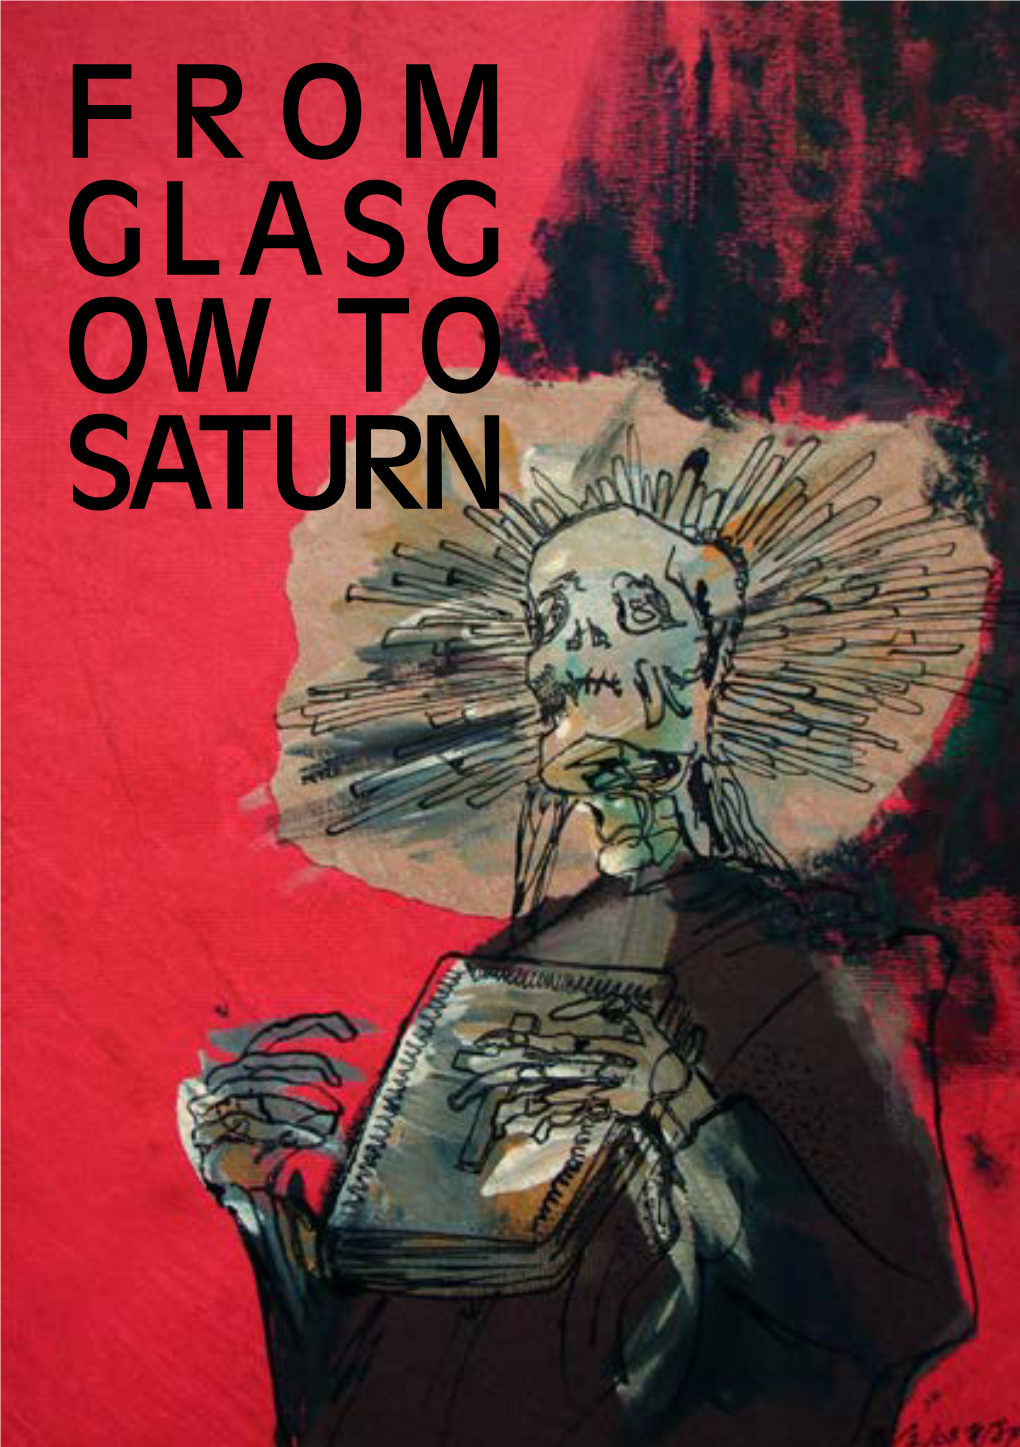 Issue 33 of from Glasgow to Saturn, Our Second As Editorial Team, and the First on Paper
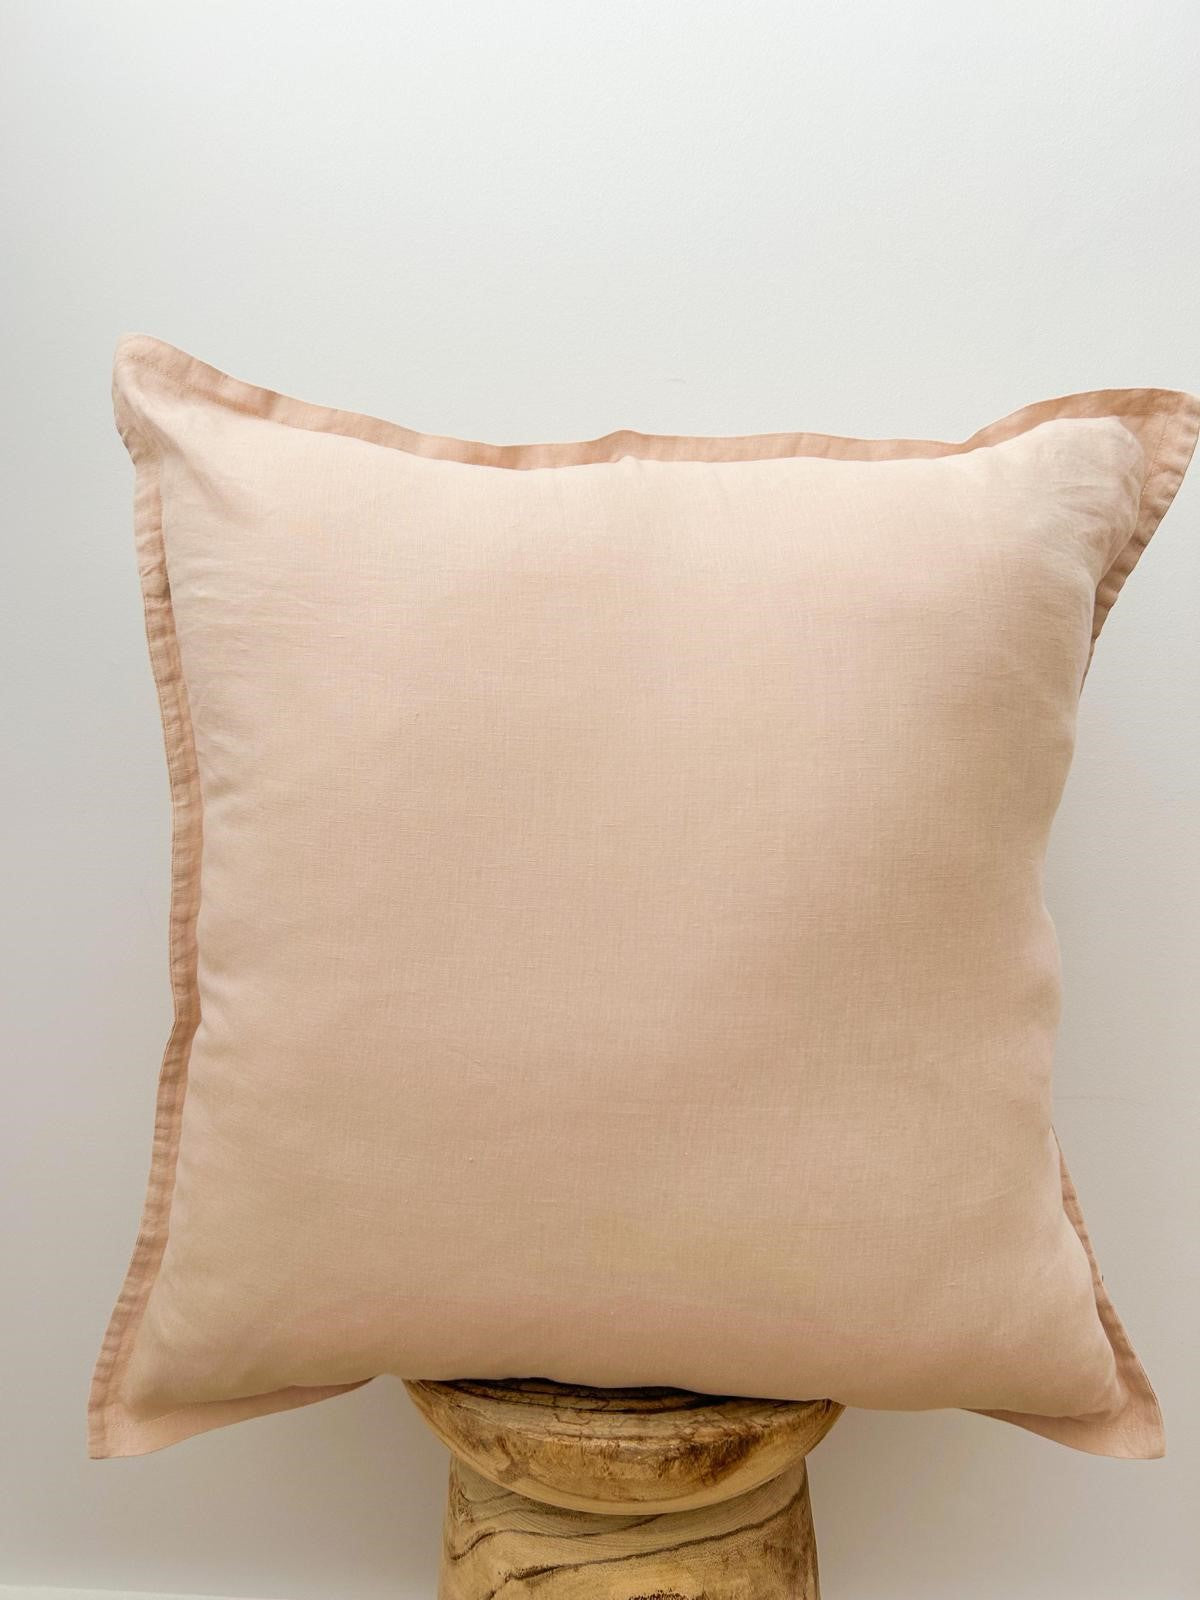 Pure French Linen Euro Cushion - Light Clay - 2 for $70
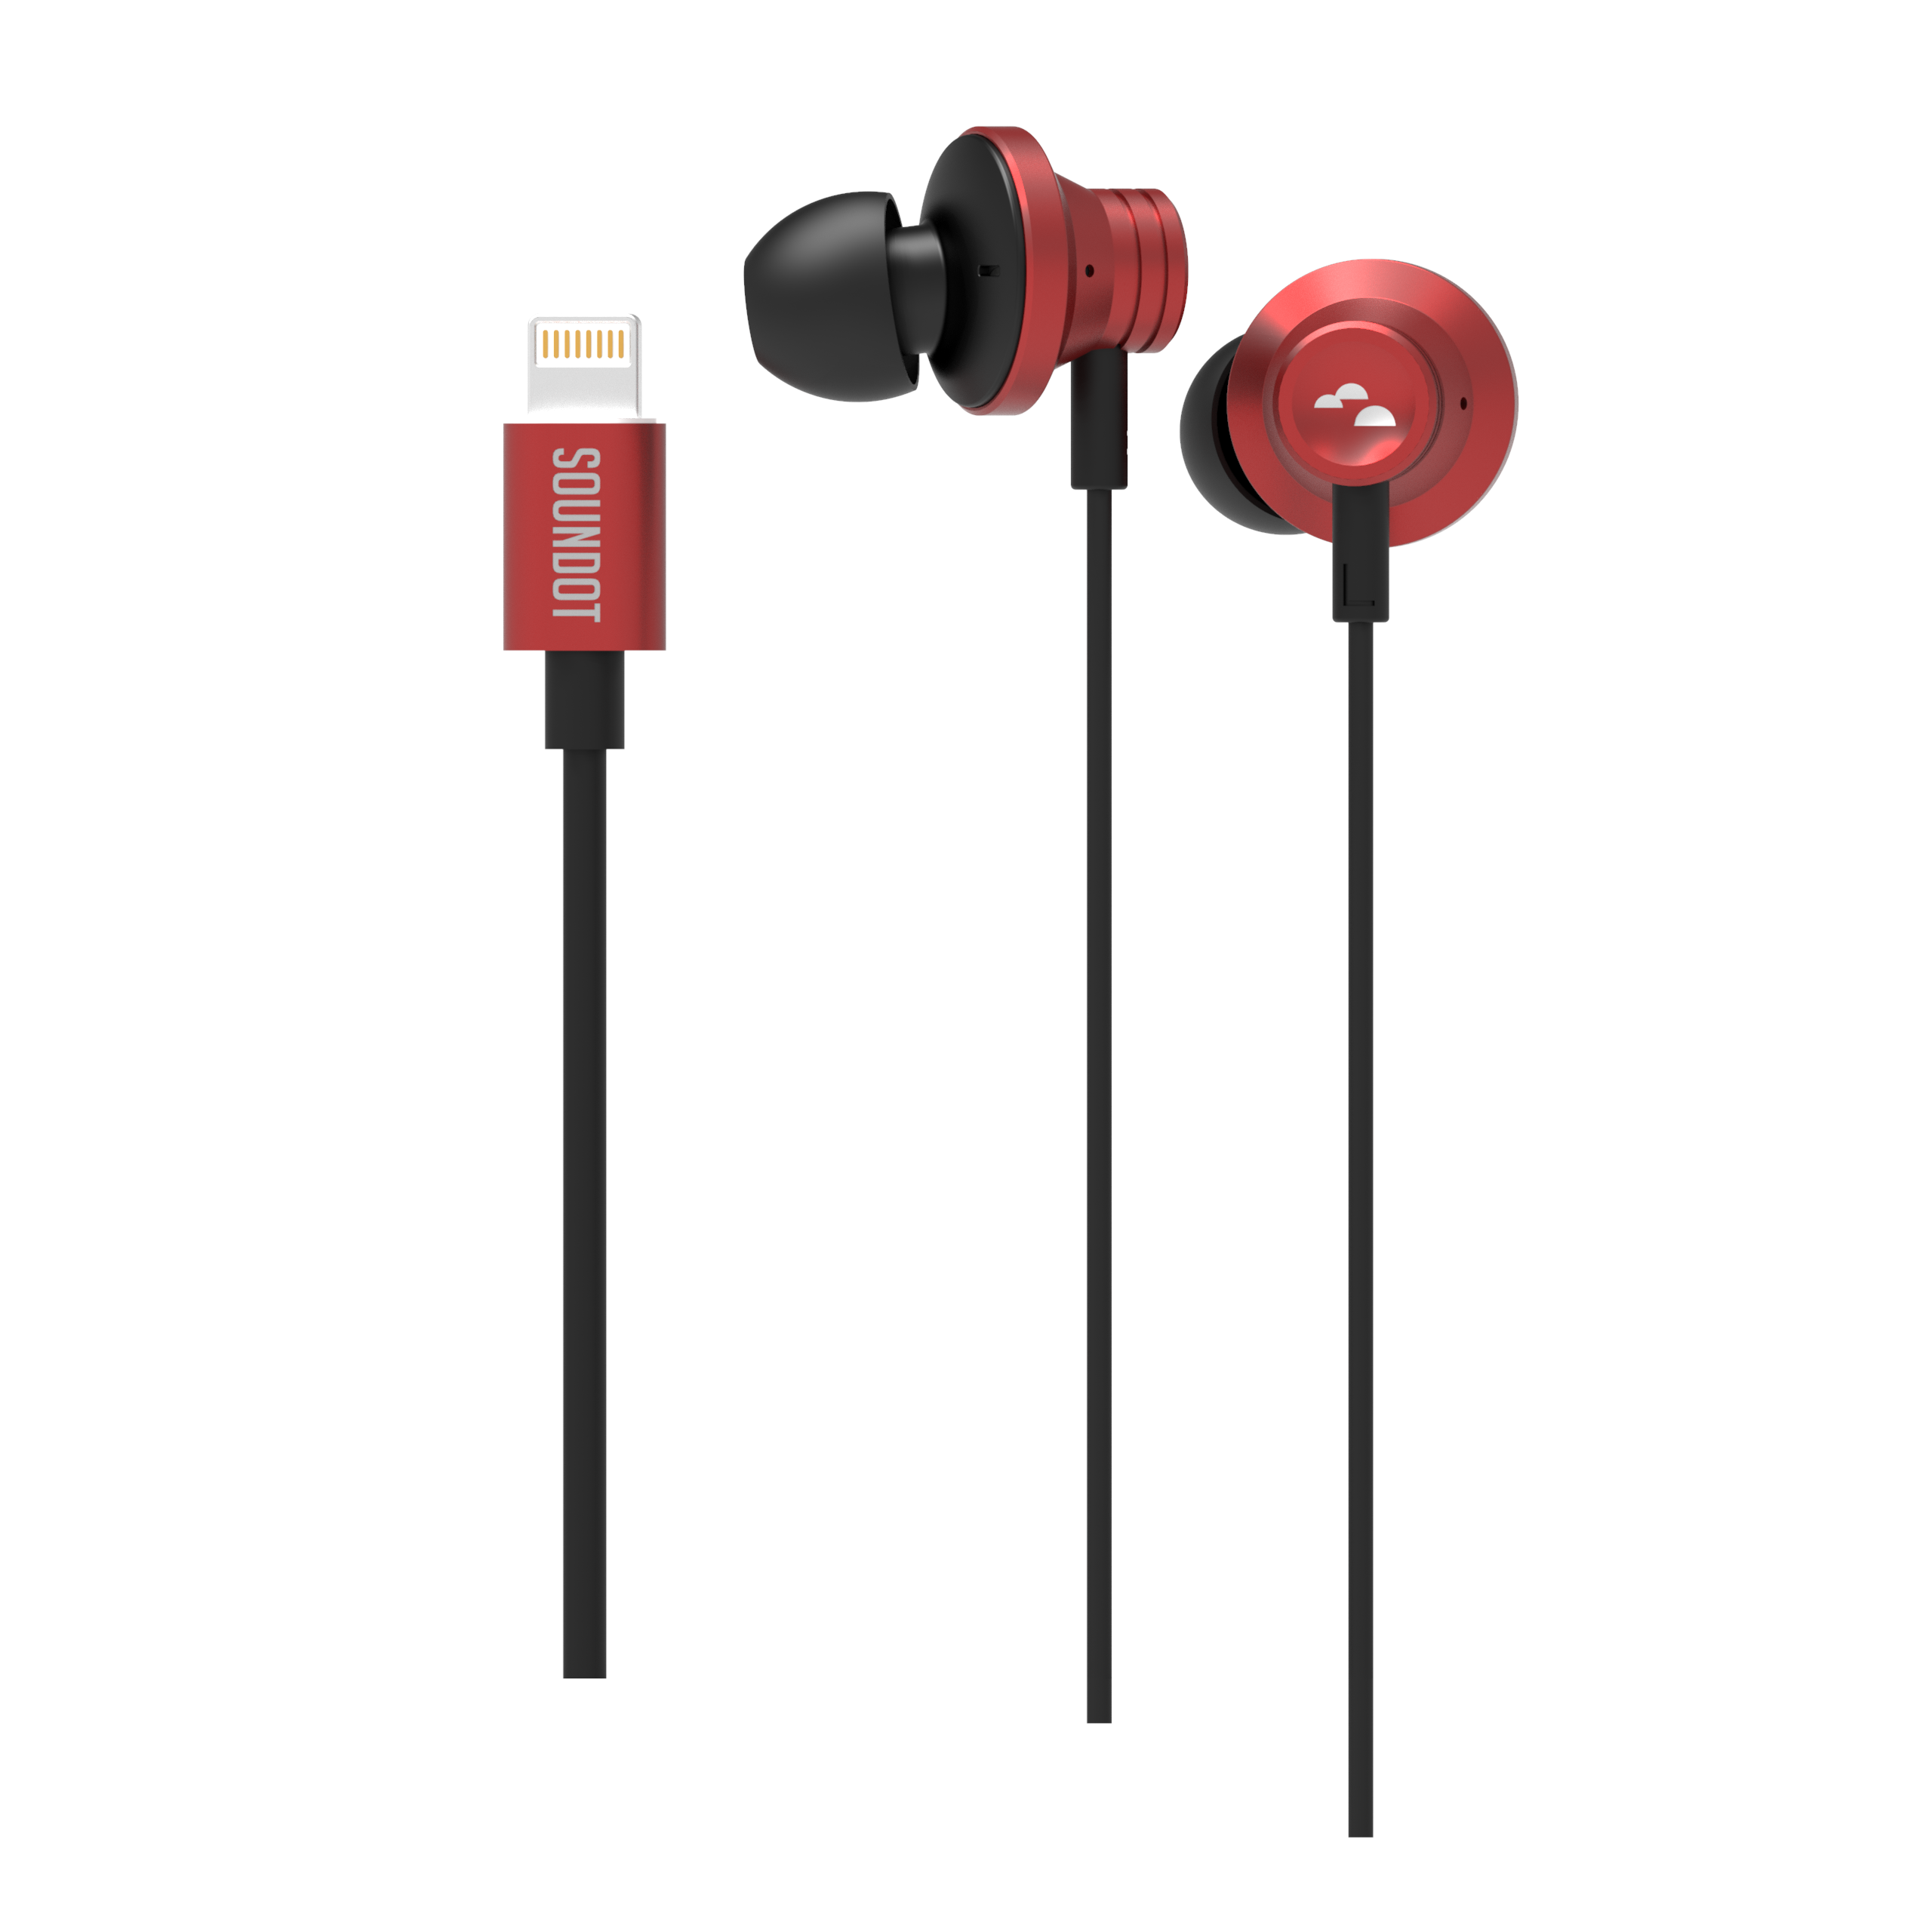 The Blackloud SOUNDOT AF1 headset for iPhones and iPads (with the Lightning interface) contains an FM chip to provide free access to FM radio anywhere in the world.

▶ **WHAT YOU SHOULD DO**: Without the pictures, print the whole listing exactly as given.

▶ **RESULT FOR THIS EXERCISE**:
 Issue 33 of from Glasgow to Saturn, Our Second As Editorial Team, and the First on Paper
 Pure French Linen Euro Cushion - Light Clay - 2 for $70
 The Blackloud SOUNDOT AF1 headset for iPhones and iPads (with the Lightning interface) contains an FM chip to provide free access to FM radio anywhere in the world.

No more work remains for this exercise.